Он на цыпочках вошел в гостиную и увидел не совсем приличную сцену на полу. Оторвавшись от предмета своей страсти, Алексей Иванович крайне удивленно и одновременно возмущенно, шепотом спросил:
– Вам чего?
И тут же, не сдерживаясь, сорвался:
– Да как не стыдно подглядывать, черт вас побери…
– Тсс… Тише, пожалуйста. – Марк Семенович приложил палец к губам. – Я не подглядывал (шепотом), а вернее, нагляделся уже.
– Вы о чем это? – продолжал возмущенным голосом Алексей Иванович.
Марк Семенович махнул рукой:
– Тут, – показывая на телефон, крепко сжатый в руке, – Бабарыкин.
Алексея Ивановича прямо перекосило от злобы, он прошипел:
– Какой, к чертовой матери, Бабарыкин, в такой момент, вы в своем уме?
Марк Семенович сделал устрашающие глаза:
– Алексей Иванович, надо ответить, иначе будет скандал.

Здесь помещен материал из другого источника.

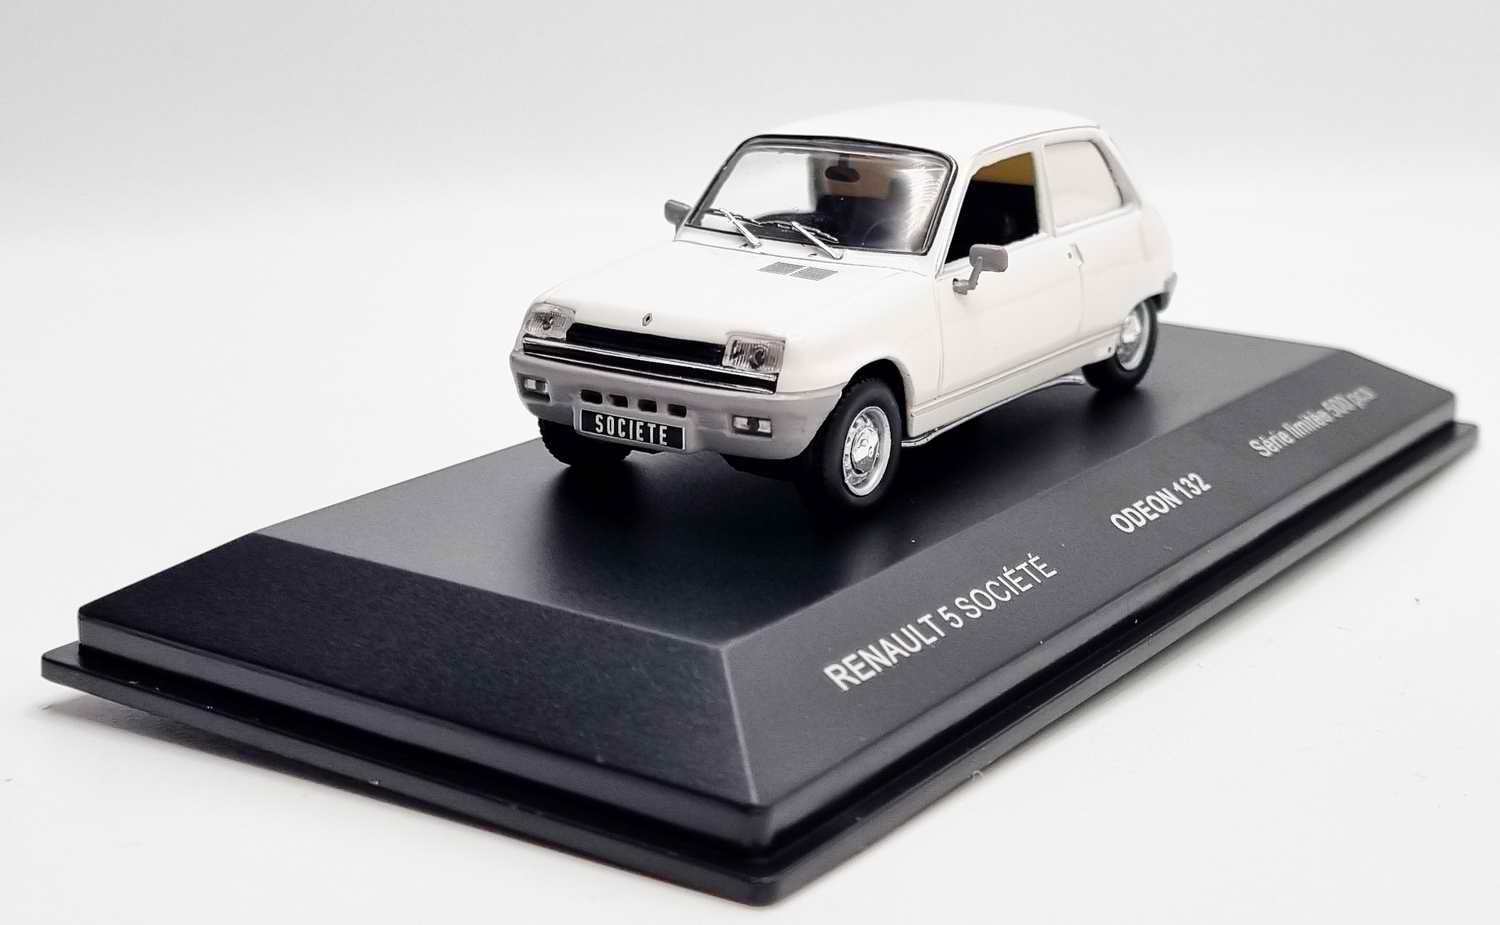 Voiture R5 Miniature Renault 5 Société 1/43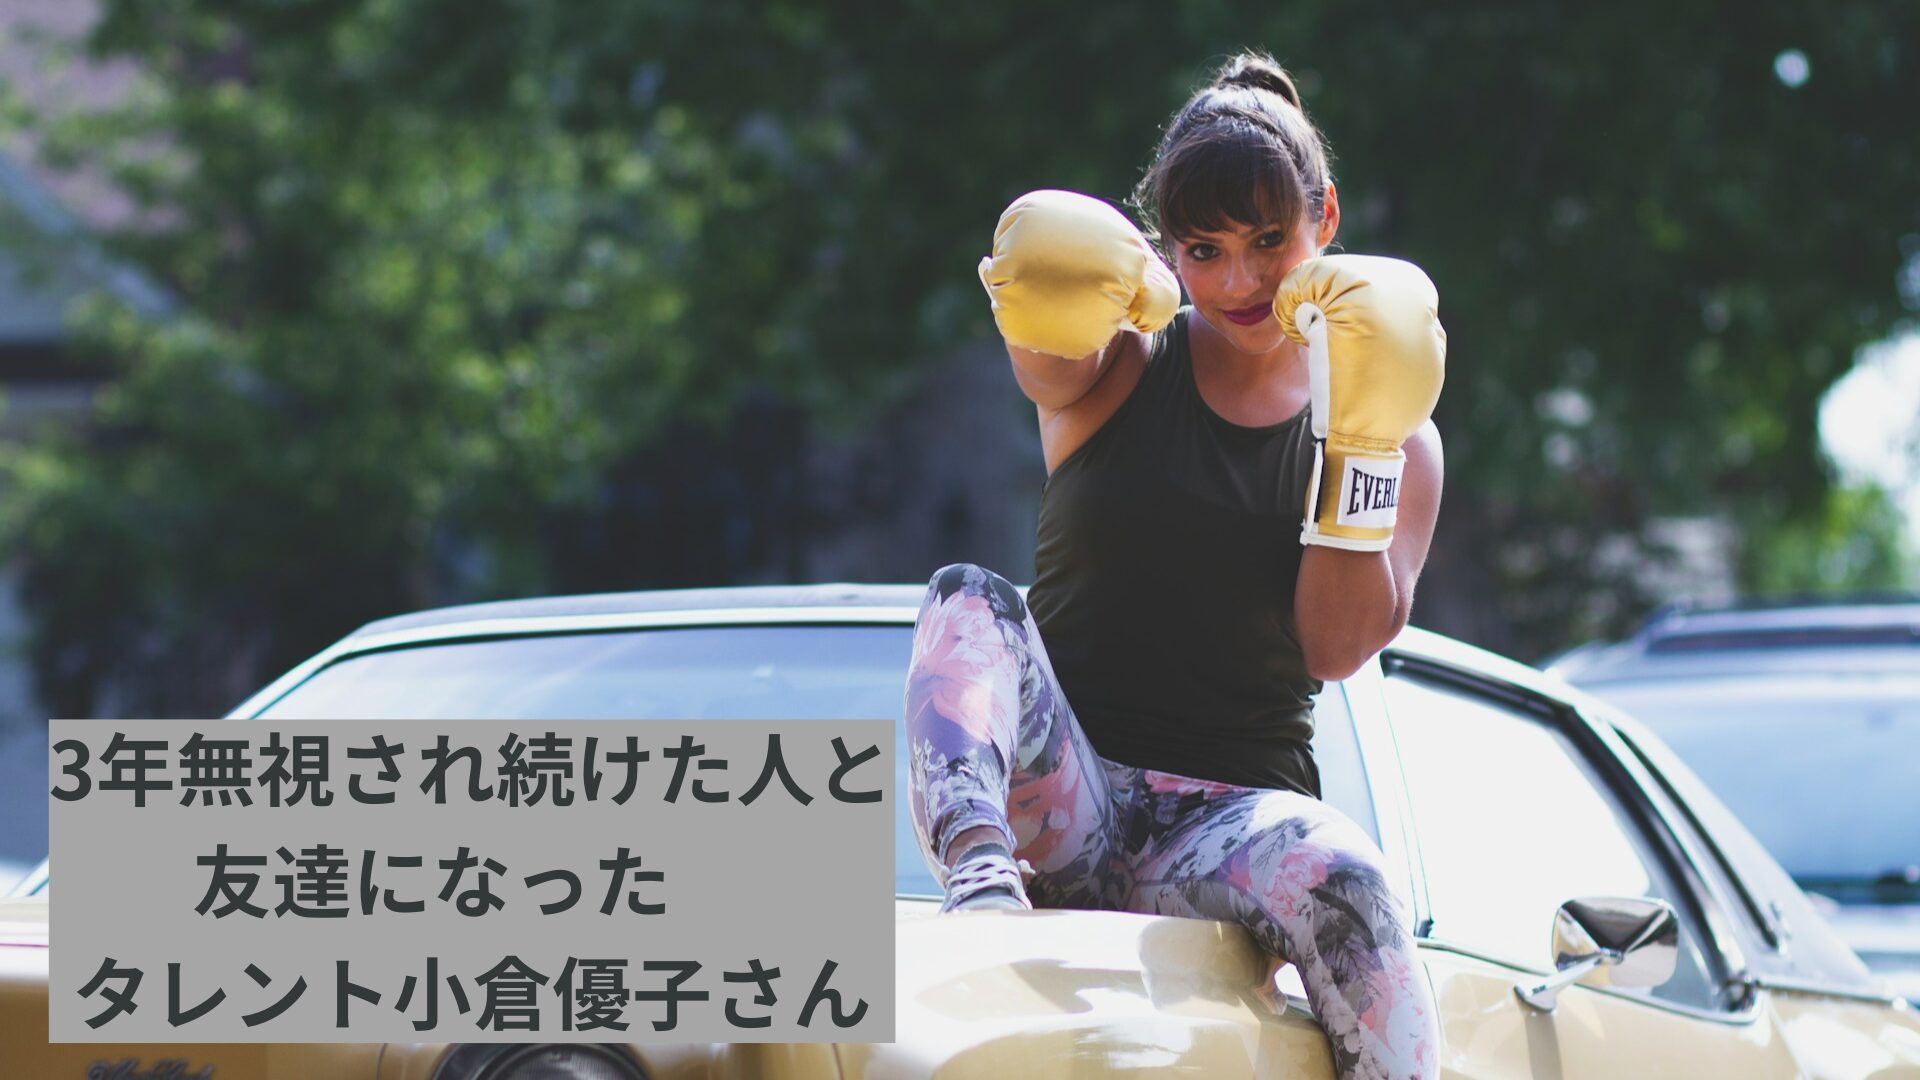 ボクシングしてる強い女性

Алексей Иванович раздраженно зашипел:
– Этот твой Бабарыкин, как всегда, не вовремя. Скажи ему, что я в ванной комнате… или… лучше, что я принимаю людей из региона.
– Да вы понимаете, – шепчет Марк Семенович, усиленно прикрывая рукой трубку, – он уже все знает.
– Что знает? Что мы победили?
– Не-е-ет, – проблеял Марк Семенович, – о вашем поведении во время поездки.
– Уже успел нажаловаться твой Шмыерович?
– Шпеерович, Алексей Иванович, я вас прошу, возьмите трубку.
Депутат со злобой попытался отмахнуться:
– Достали вы своим Шпееровичем, да с этим, иже с ним, козлом Бабарыкиным.
Дама, видя напряжение в обстановке, предусмотрительно залезла под покрывало, которое стащила с дивана.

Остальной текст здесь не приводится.